55. Pascart T, Robinet P, Ottaviani S, Leroy R, Segaud N, Pacaud A, et al.. Evaluating the safety and short-term equivalence of colchicine versus prednisone in older patients with acute calcium pyrophosphate crystal arthritis (COLCHICORT): an open-label, multicentre, randomised trial. Lancet Rheumatol. (2023) 5:e523–31. doi: 10.1016/S2665-9913(23)00165-0, PMID: [PubMed] [CrossRef] [Google Scholar]

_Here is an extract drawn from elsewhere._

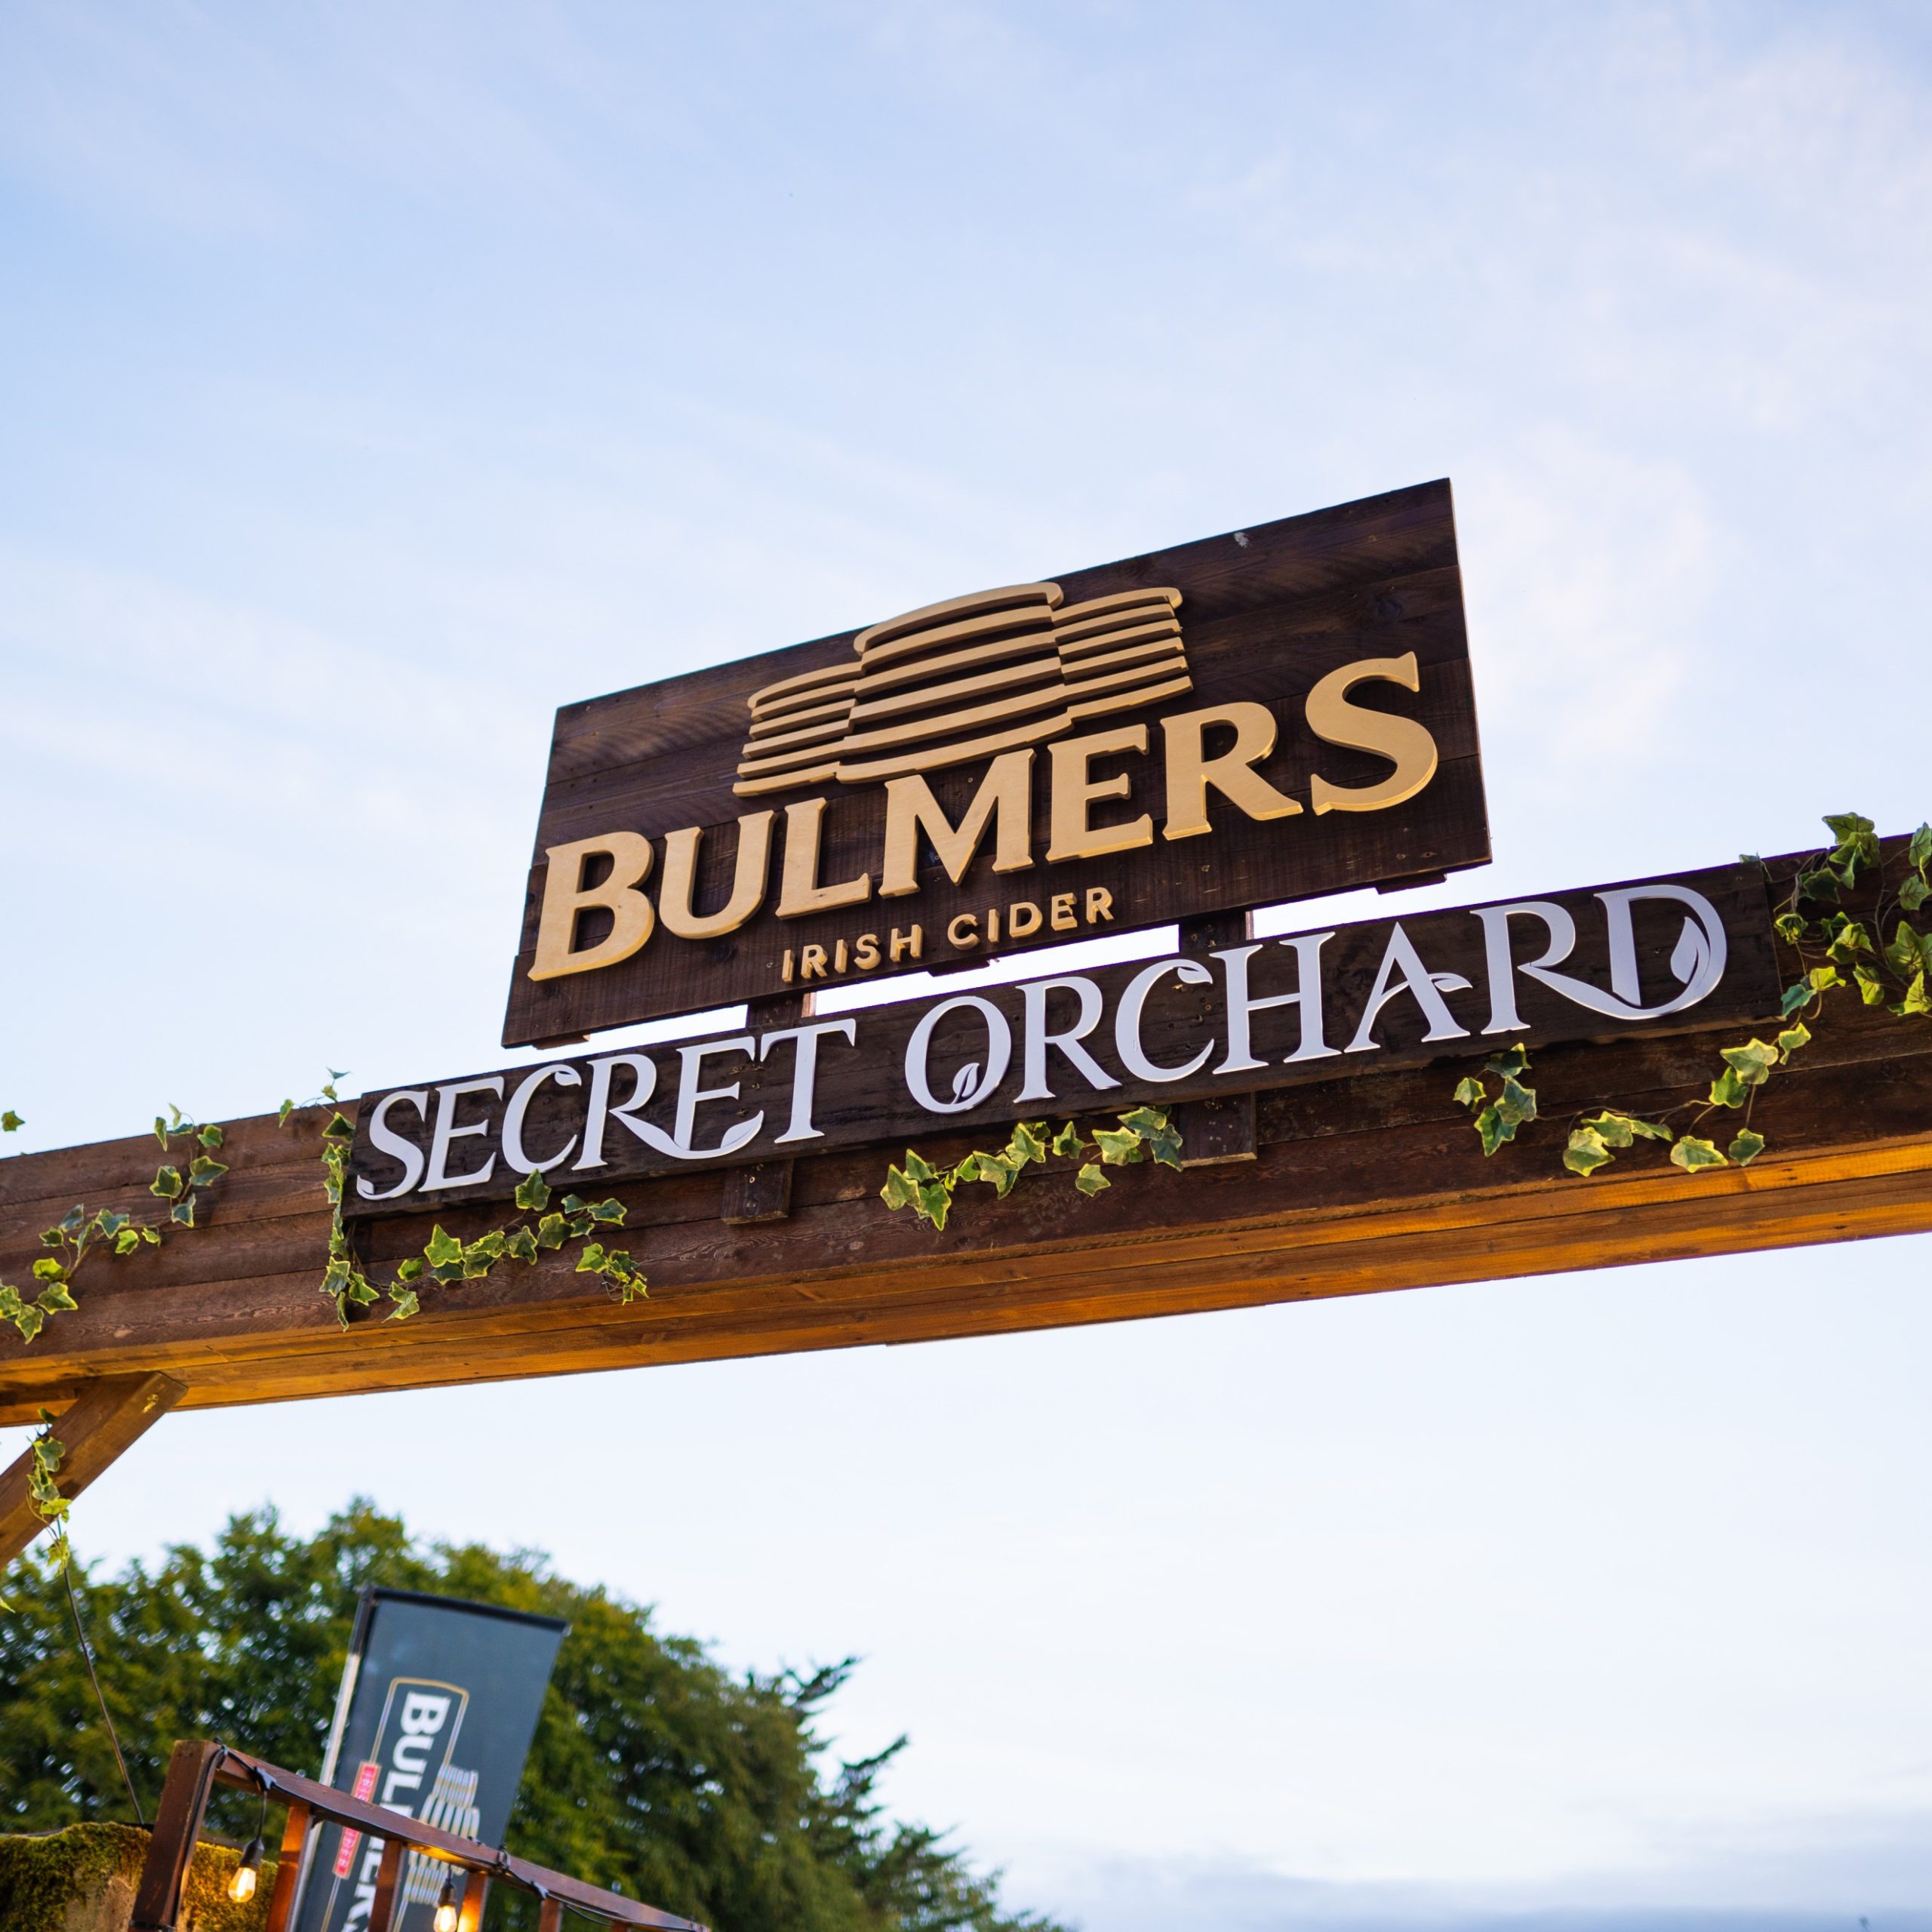 Bulmers Secret Orchard Clonmel 2023 To Take Place on September 9th 

56. Sirotti S, Terslev L, Filippucci E, Iagnocco A, Moller I, Naredo E, et al.. Development and validation of an OMERACT ultrasound scoring system for the extent of calcium pyrophosphate crystal deposition at the joint level and patient level. Lancet Rheumatol. (2023) 5:e474–82. doi: 10.1016/S2665-9913(23)00136-4, PMID: [PubMed] [CrossRef] [Google Scholar]

Calcium pyrophosphate deposition disease: historical overview and potential gaps (2024)
Top Articles
Latest Posts
Article information

Author: Mrs. Angelic Larkin

Last Updated:

Views: 6142

Rating: 4.7 / 5 (67 voted)

Reviews: 82% of readers found this page helpful

Author information

Name: Mrs. Angelic Larkin

Birthday: 1992-06-28

Address: Apt. 413 8275 Mueller Overpass, South Magnolia, IA 99527-6023

Phone: +6824704719725

Job: District Real-Estate Facilitator

Hobby: Letterboxing, Vacation, Poi, Homebrewing, Mountain biking, Slacklining, Cabaret

Introduction: My name is Mrs. Angelic Larkin, I am a cute, charming, funny, determined, inexpensive, joyous, cheerful person who loves writing and wants to share my knowledge and understanding with you.